関係優位性

これまで戦略論では、ポーターを代表とする「産業組織論学派」と、コア・コンピタンスなどの概念に関連する「資源論学派」がありました。それに対して最近提唱されているのが「関係優位性」という考えです。これは、企業の競争優位性を決定づける資源は、その企業の枠を超えた範囲に広がっており、企業間の関係性のあり方がもっとも重要であると言う考え方です。特に(1)関係性資産、(2)知識共有ルーチン、(3)相補的資源・ケイパビリティ、(4)効果的統治、という4要素が競争優位の源泉であるとしています。

資源論学派は、競争優位のためには、他社が真似できないような価値のある資源(例えばコア・コンピタンス)を持つことが重要だと言っているのに対し、関係優位性の立場では、競争優位獲得に必要な資源は自社だけが持っているわけではないので、如何にして関係企業と資源の貸し借りが効果的にできるかが重要であると言っているわけです。さらに、これは如何に他社とうまく関係を保てるか、といった一企業の能力に焦点をあてているのではなく、資源の貸し借りのための関係そのものに焦点をあてています。

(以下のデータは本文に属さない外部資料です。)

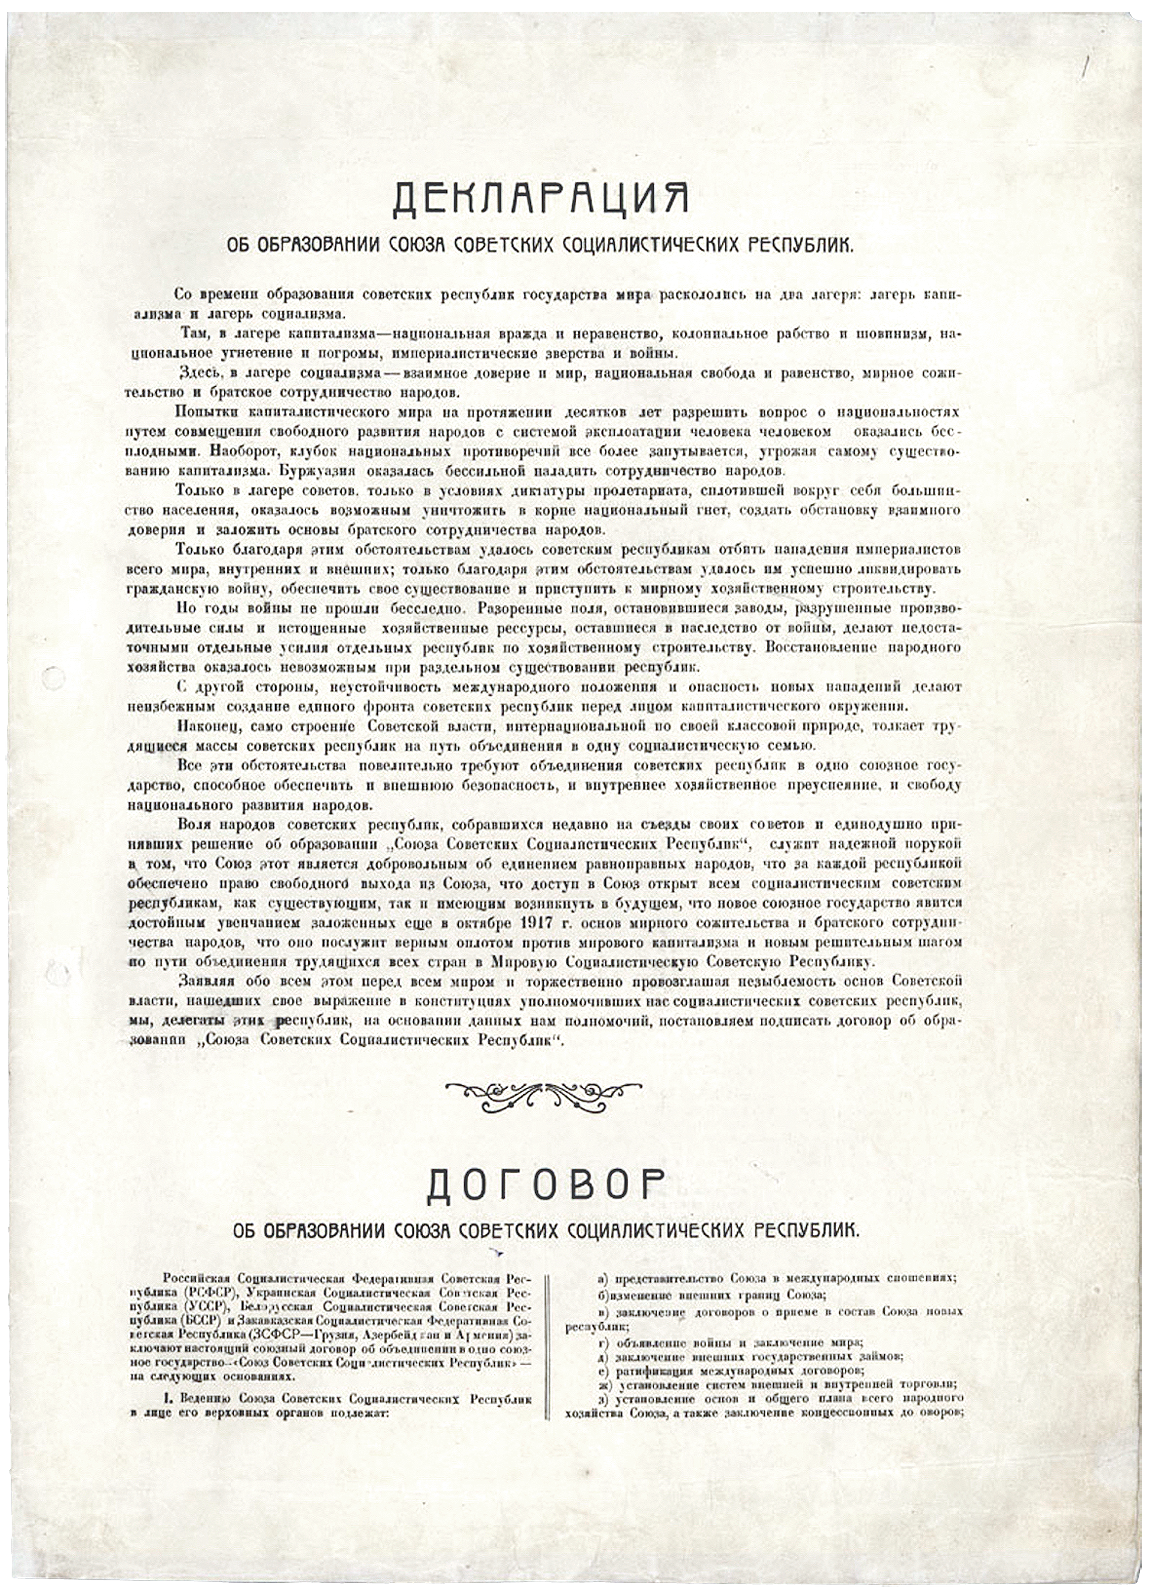 dogovor-ob-obrazovanii-soyuza-sovetskih-socialisticheskih-respublik-1922-1.png

例を挙げると、GMとトヨタを比較した場合、サプライヤーとの長期的関係を重視してきたトヨタグループは、全体として効率的な知識共有、知識創造が実現できました。一方、GMの場合はサプライヤーとの関係はマーケット主義に徹していたため、効果的なナレッジ・マネジメントを行うための長期的な関係が築けませんでした。

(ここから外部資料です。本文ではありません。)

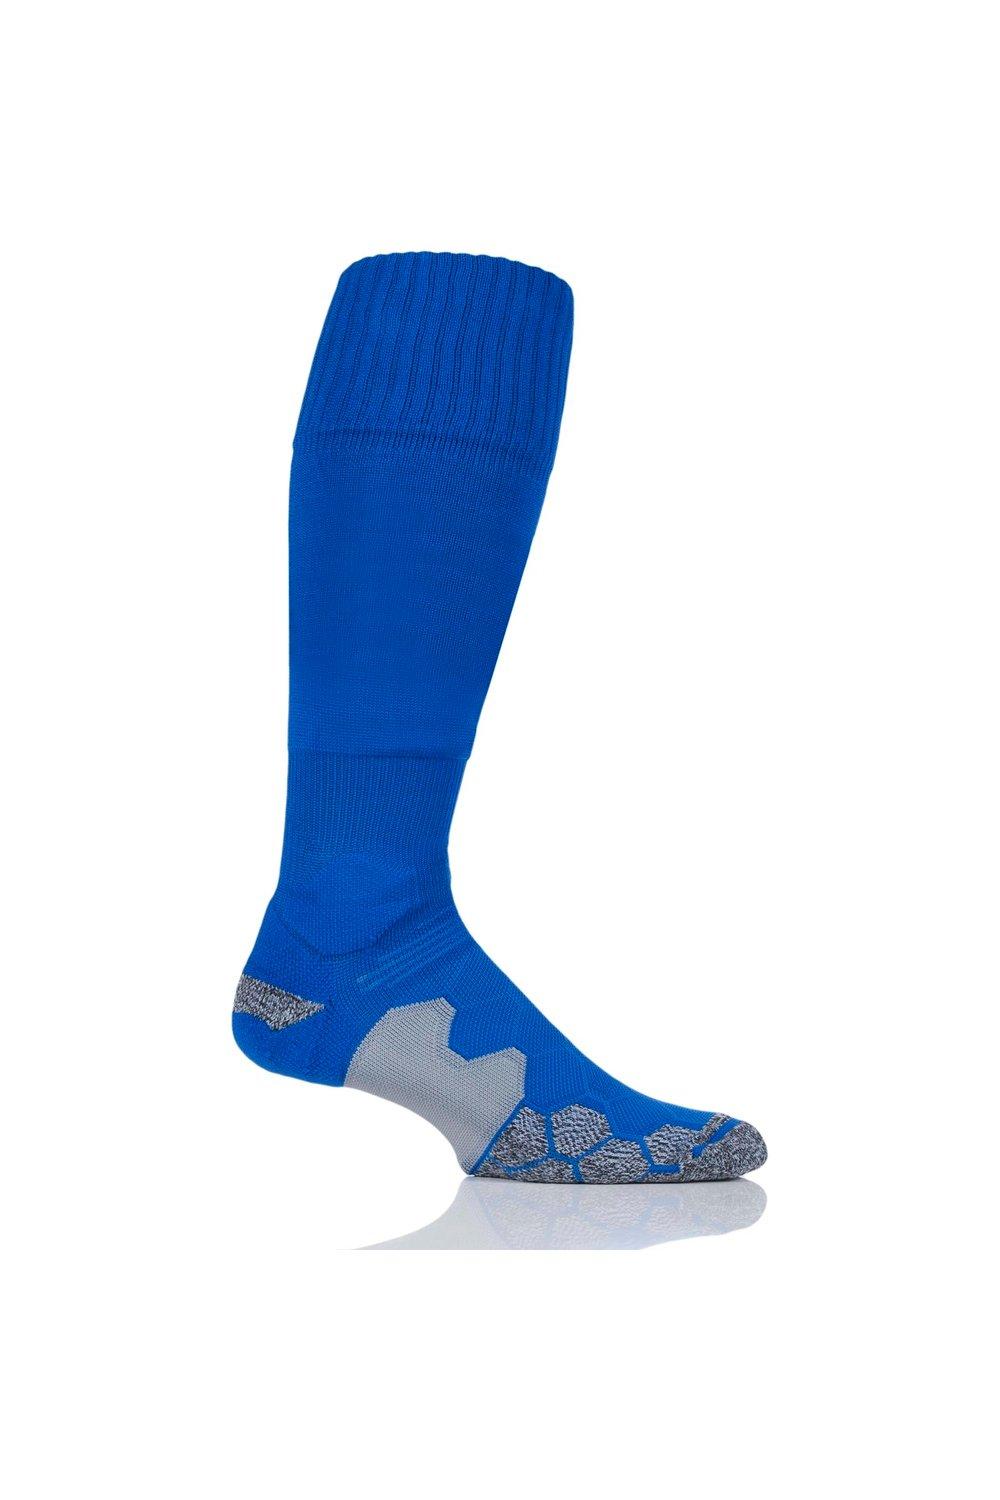 1 пара технических футбольных носков с мягкой подкладкой, произведенных в Великобритании SOCKSHOP of London, синий

この考え方が重要かつ意義深いのは、産業組織論学派、資源論学派、から導き出される戦略アクションと、関係性優位から導き出される戦略アクションが異なるという点です。

例えば、産業組織論学派は「自社と取引きするサプライヤーの数はできるだけ多くするべき」という戦略を要求します。何故なら、サプライヤーの数が多くなることによって、自社の交渉力がアップし、サプライヤーの交渉力がダウンするため、有利な取引きができるからです。それに対して関係優位性の立場では「自社と取引きするサプライヤーの数は少く保ち、そこと長期的関係を結び、お互いに知識を共有するよう働きかけるべし」という戦略を要求します。これはお互い矛盾する帰結です。

次に、資源論学派は「競争力の源泉となる自社特有の資源(例えば知的資産)は、他社に真似されたりしないようにプロテクトしなければならない」という戦略方針を要求しますが、関係優位性の立場は「企業は提携している他の企業と効果的に知識共有を行い、それによって競争優位のための価値をひきだすべし」という戦略を要求します。つまり前者は重要資源を囲い込むのに対し、後者は重要資源を提携企業にオープンにして共有する、という点で矛盾した帰結となっています。

今後、関係優位性の立場が、どのように進展して行くか注目されます。